Things fall apart; the centre cannot hold;
Mere anarchy is loosed upon the world

-- W.B. Yeats, "The Second Coming"

One of the Internet's biggest story of late is the great success of the information resource directory, Yahoo. Only a year or so old, Yahoo receives millions of hits daily, has been spun-off as a commercial firm, and is responsible for the (at least temporary) derailing of two promising doctoral careers.

As another recent refugee from a Ph.D. program, I can appreciate what Jerry Yang and David Filo must be feeling; it's difficult to forge ahead in one's doctoral duties when the Net provides so many "real" opportunities to try out your ideas. I also operate a an Internet directory service, and as I haven't been approached by any venture capitalists as yet, you can consider this column's title and accuse me of sour grapes. And you'd be right!

My own petulance and envy aside, Yahoo is successful because it really does help millions of Web users find information on a wide variety of subjects. Yahoo is truly one of the Best of the Net, as it has filled an enormous void in the areas of browsing and searching Internet-based information. So I hope you'll believe that I am truly sad as I predict the death of Yahoo. It seems inevitable, as Yahoo's organization, its information architecture, will collapse under the weight of the high volume of entries. And, unfortunately, searching won't solve the problem of volume.

Yahoo's Architecture: The Levy is about to Break

Paradoxically, much of Yahoo's current success can be directly attributed to its architecture. Yahoo's architecture provides a fairly consistent and easy to use interface for browsing a hierarchy of roughly 70,000 entries. That's a fairly sizable number, yet users aren't often confronted with frustratingly long lists of entries. And users generally can move up and down through Yahoo's categories and sub-categories without getting tangled up in too many layers of hierarchy. In other words, Yahoo adeptly handles the issue of balancing a hierarchys breadth and depth: Yahoo users don't face especially long menus, nor do they have to pick (or click) their way through many levels of hierarchical categories and sub-categories.

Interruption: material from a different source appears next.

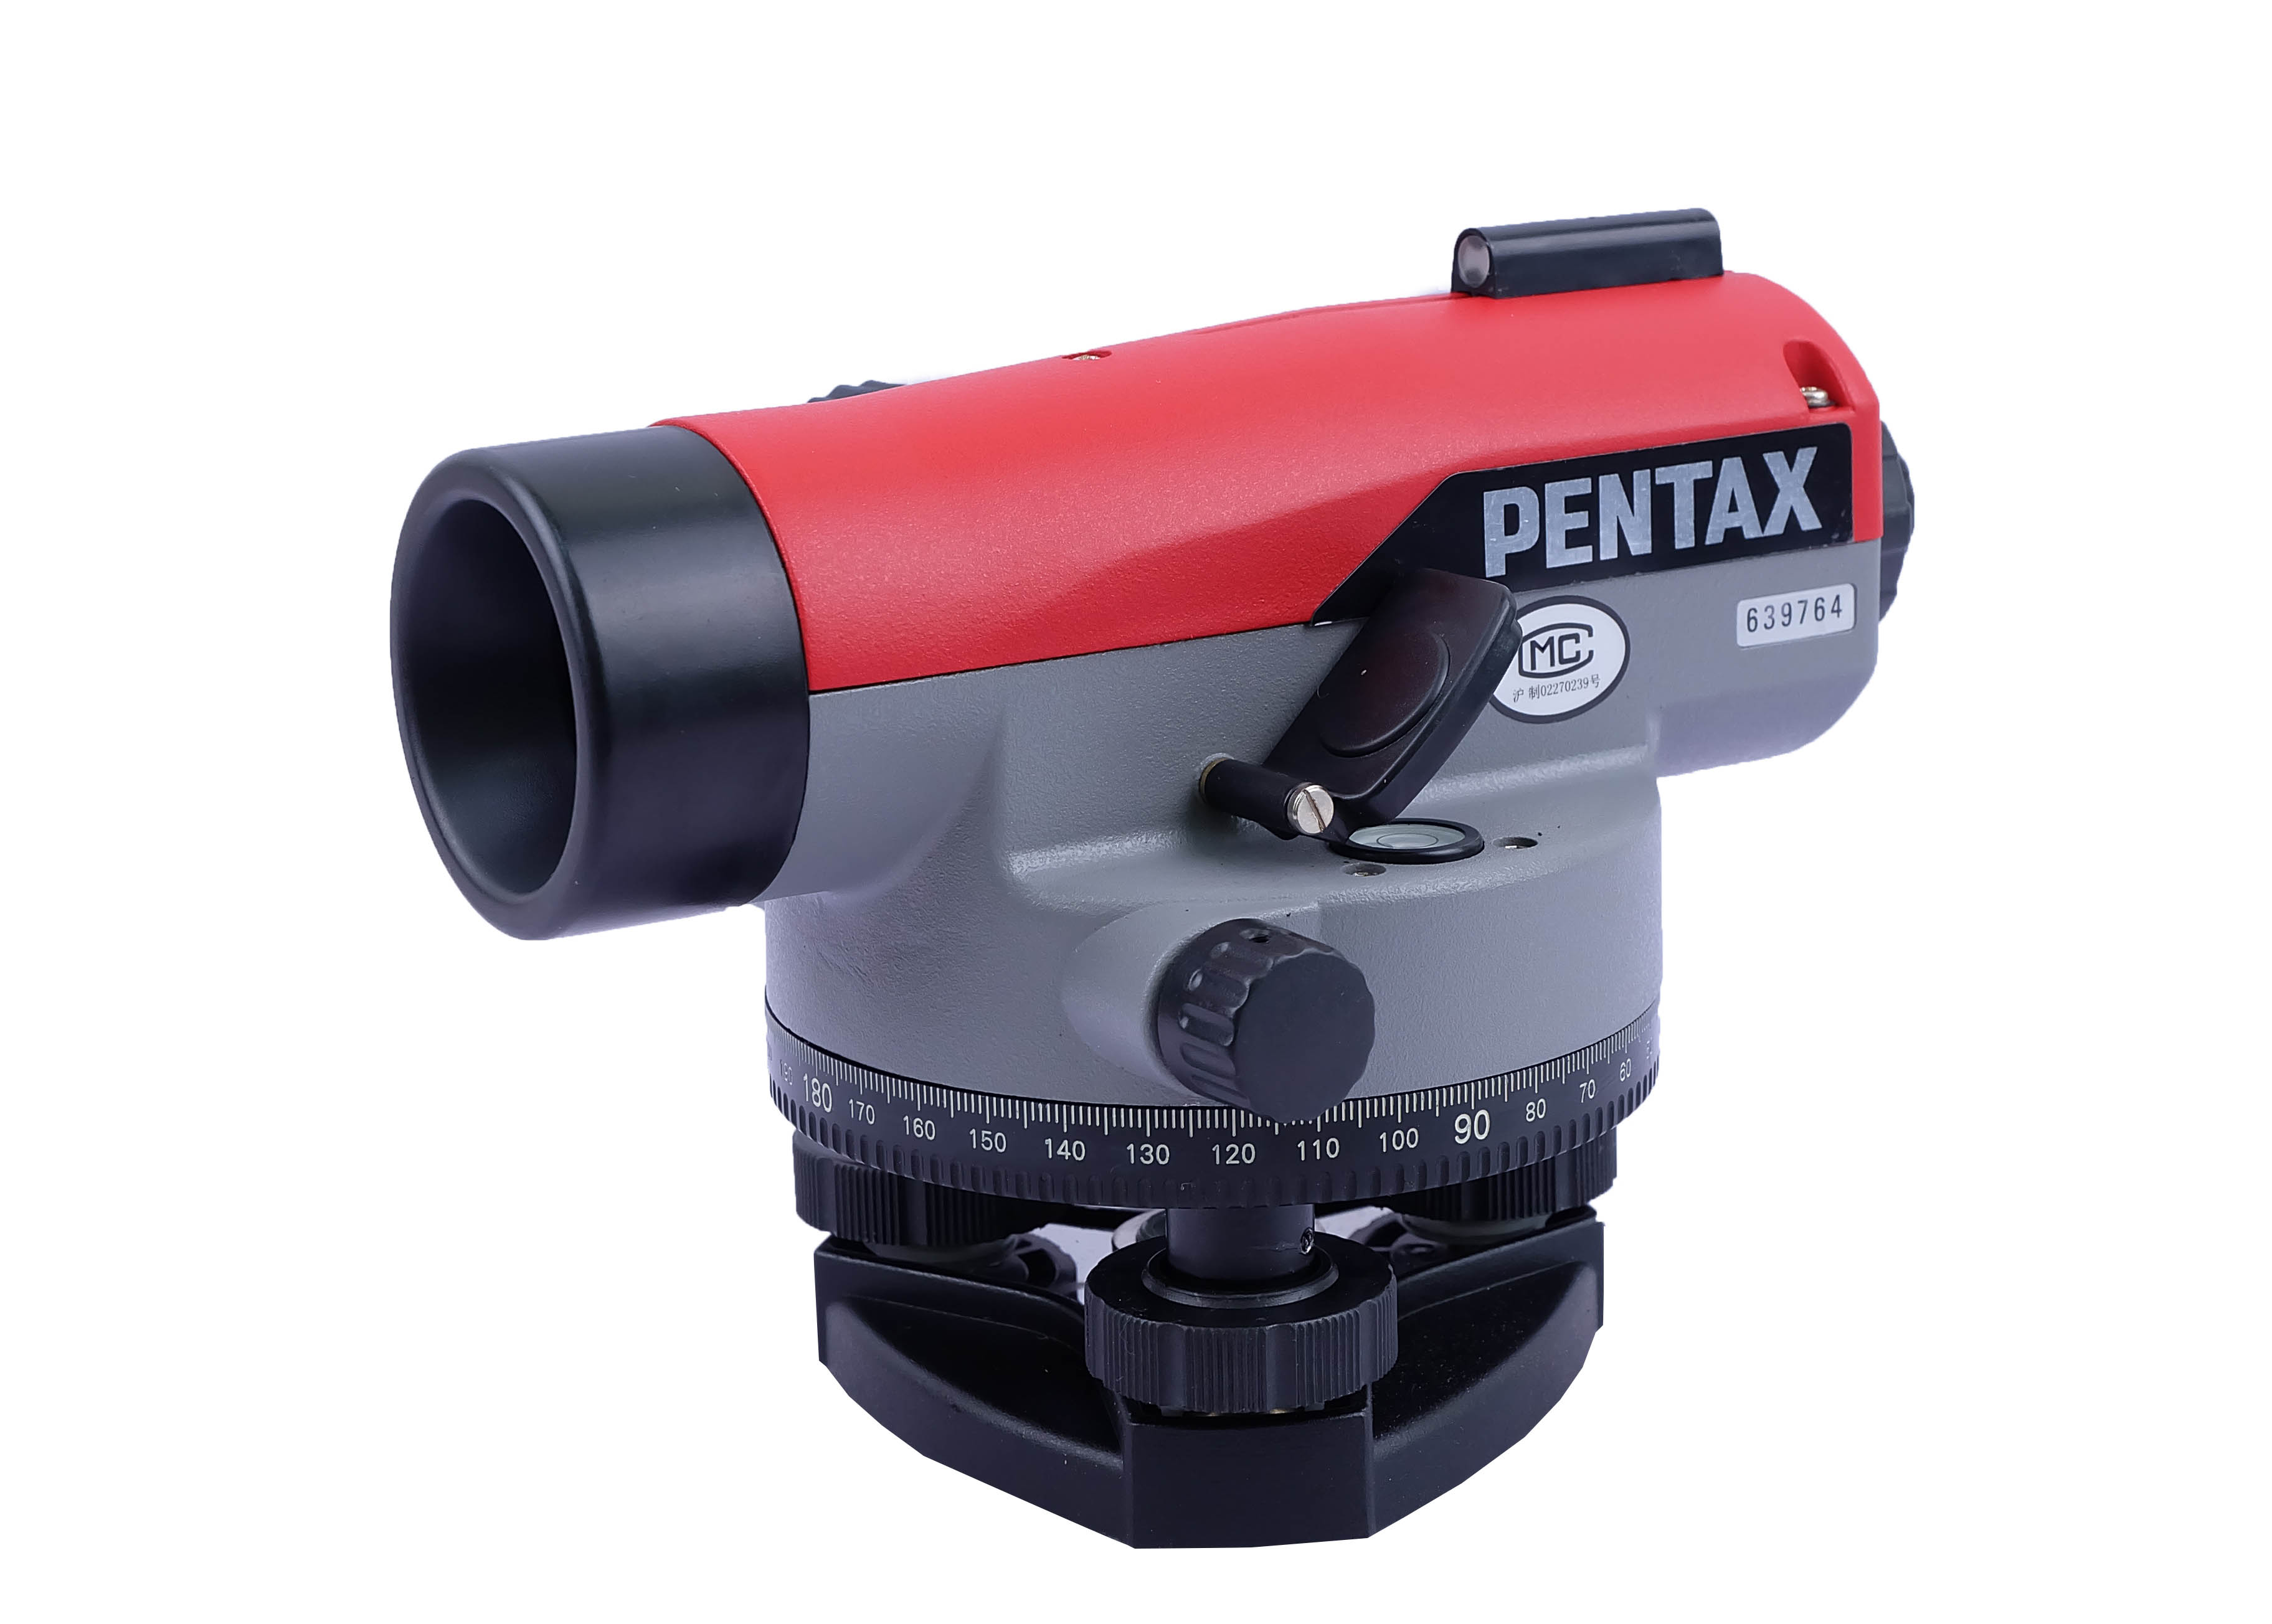 กล้องระดับ PENTAX AP-228 กำลังขยาย 28 เท่า

But we know that the Internet has far more than 70,000 distinct resources, and that number is going to increase, perhaps exponentially, for some time to come. How well will Yahoo's hierarchy hold up when it includes 100,000 entries, or 1,000,000?

Let's assume that Yahoo's managers study human-computer interaction literature and decide that no single menu should exceed ten entries. To accommodate 100,000 entries with such a restriction, Yahoo's hierarchy would need five levels of depth (10 to the fifth power). That may not seem that deep, but its not a giant leap ahead to 1,000,000 entries (10 to the sixth power); will users want to navigate through six levels of hierarchy to find what they need? It's certain that many won't have the patience to look further than as few as three levels.

We certainly can play with these numbers. A broader, shallower hierarchy of 15-entry long menus would accommodate over 750,000 entries at five levels, and over 11,000,000 at six. However, we face a slightly different risk here: the lost patience of those users whose eyes won't easily scan a listing as long as fifteen lines.

Information Retrieval Headaches: how much will improved searching help?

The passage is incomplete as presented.